ITパスポートの合格率は、年ごとに微妙な変動を続けています。中でも直近の年度を見ると「思ったより低い」と感じる方も多いと思います。
まずは最新の受験者数と合格率の動きを、以下で把握してみましょう。
| 年度 | 受験者数 | 合格者数 | 合格率 |
|---|---|---|---|
| 令和元年度 | 103,812 | 56,323 | 54.3% |
| 令和2年度 | 131,788 | 77,512 | 58.8% |
| 令和3年度 | 211,145 | 111,241 | 52.7% |
| 令和4年度 | 231,526 | 119,495 | 51.6% |
| 令和5年度 | 265,040 | 133,292 | 50.3% |
| 令和6年度 | 273,905 | 134,617 | 49.1% |
| 令和7年度(途中) | 115,787 | 57,525 | 49.7% |
引用:IPA公式サイト
数字を見ると受験者数は年々増えている一方、合格率は50%前後で安定しています。
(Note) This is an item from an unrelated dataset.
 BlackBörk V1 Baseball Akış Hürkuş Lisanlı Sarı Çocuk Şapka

基礎的な内容が中心の試験とはいえ、分野ごとの理解度に差が出やすいため、事前に傾向を押さえた学習が重要だと分かります。
ITパスポートの合格点と出題形式
ITパスポートの合格点は、1,000点満点中600点以上です。さらに、3つの分野(ストラテジ系・マネジメント系・テクノロジ系)それぞれで300点以上を取ることも条件になります。
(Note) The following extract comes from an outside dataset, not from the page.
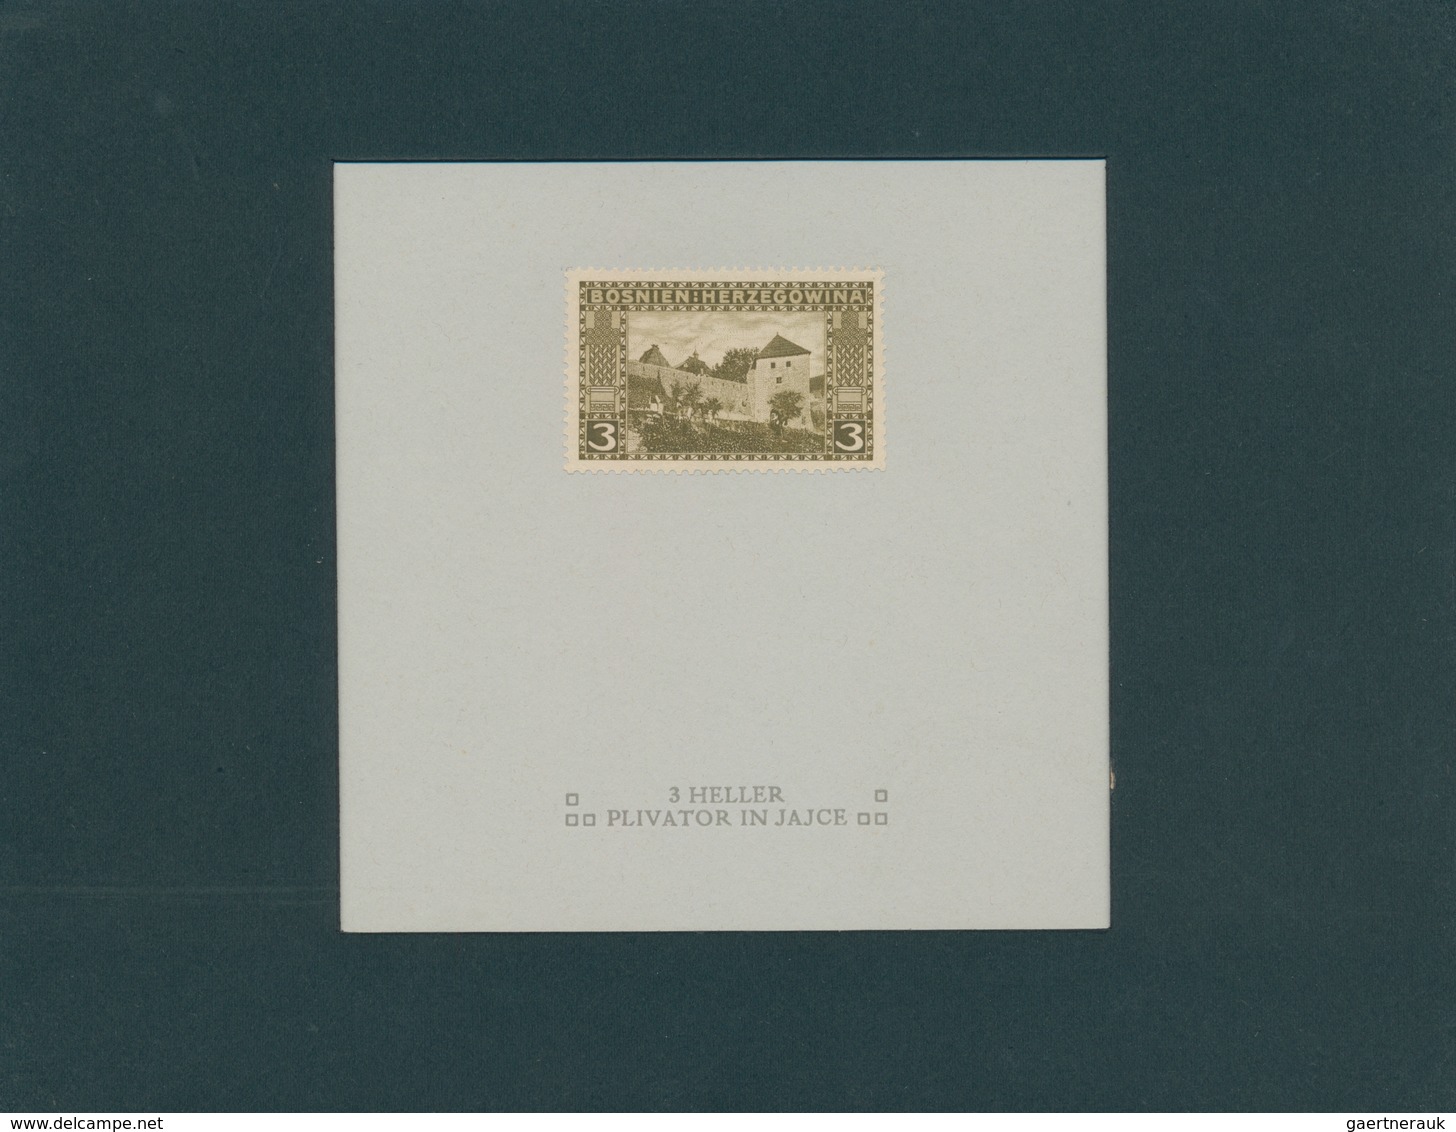 Bosnien und Herzegowina (Österreich 1879/1918): 1906, Freimarken, 1 H. bis 5 Kr, komplette Serie von

試験はCBT方式で、四肢択一のマークシート形式です。出題範囲は広いものの、一問ずつは比較的短く、基礎理解を積み上げれば十分に合格を狙えます。
大学生・高校生の合格率
ITパスポート試験は社会人だけでなく、大学生や高校生など若い層の受験も増えています。基礎的なIT知識を問う資格とはいえ、学習環境やバックグラウンドによって結果には大きな差が出るようです。
以下は令和7年4月度の学生の合格率なのですが、年齢や学校区分ごとに合格率が大きく異なることが分かります。
| 区分 | 受験者数 | 合格者数 | 合格率 |
|---|---|---|---|
| 大学院 | 175 | 112 | 64.0% |
| 大学 | 1,978 | 995 | 50.3% |
| 短大 | 19 | 5 | 26.3% |
| 高専 | 106 | 49 | 46.2% |
| 専門学校 | 324 | 66 | 20.4% |
| 高校 | 1,149 | 327 | 28.5% |
| 小・中学校 | 49 | 16 | 32.7% |
| その他 | 91 | 43 | 47.3% |
引用:IPA公式サイト
全体を見ると、大学院生や大学生は比較的高い合格率を維持している一方、専門学校や高校は合格率が低めの傾向があります。ITへの触れ方や日常的な学習量の差がそのまま結果に影響している印象です。
とはいえ表を見てもわかるとおり、高校生でもしっかり準備すれば合格の可能性はあります。
難しすぎ?!ITパスポートの合格率が低い理由

この章では、ITパスポートの合格率が低い理由について、以下のとおり解説します。
- 受験者にIT初心者が多いから
- 暗記だけでは対応できない設問があるから
- 独学で計画的に進められない人が多いから
- 勉強時間を確保できない人が一定数いるから
①受験者にIT初心者が多いから
ITパスポートは「誰でも受けられる国家試験」として広く知られており、受験者の多くがITに触れた経験の少ない初心者です。さらに、近年は製造業や建設業、教育機関など IT業界以外でも資格取得のニーズが高まり、受験層が一気に広がっています。
その結果、IT知識の土台が整っていないまま挑戦する人が増え、合格率が全体的に低めに見える傾向があります。
②暗記だけでは対応できない設問があるから
ITパスポートは、単なる知識の丸暗記では太刀打ちできない問題が多いことも特徴です。IT用語の意味だけでなく、「業務でどのように使われるか」「セキュリティ上どの対応が最適か」など、状況判断を求められるケースが多く出題されます。
暗記中心の学習だと回答が選びにくく、理解不足のまま受験すると不正解が増えてしまいやすい点が合格率を押し下げる一因になっています。
③独学で計画的に進められない人が多いから
ITパスポートの範囲は想像以上に広く、独学だと「今日はどこまでやればいいのか」「何を優先すべきか」が分からなくなりやすいです。中でもとくにITに馴染みのない人ほど、分野ごとの関連性がつかめず、途中でペースが崩れてしまう傾向があります。
学習計画が曖昧なまま進めると、重要ポイントを取りこぼし、結果として合格率が下がってしまいます。
④勉強時間を確保できない人が一定数いるから
社会人や学生に共通しているのが「まとまった時間が取れない」という悩みです。少しずつ進めるつもりでも、気づけば学習が途切れてしまい、理解が定着せず最終的に不合格につながるケースも多いです。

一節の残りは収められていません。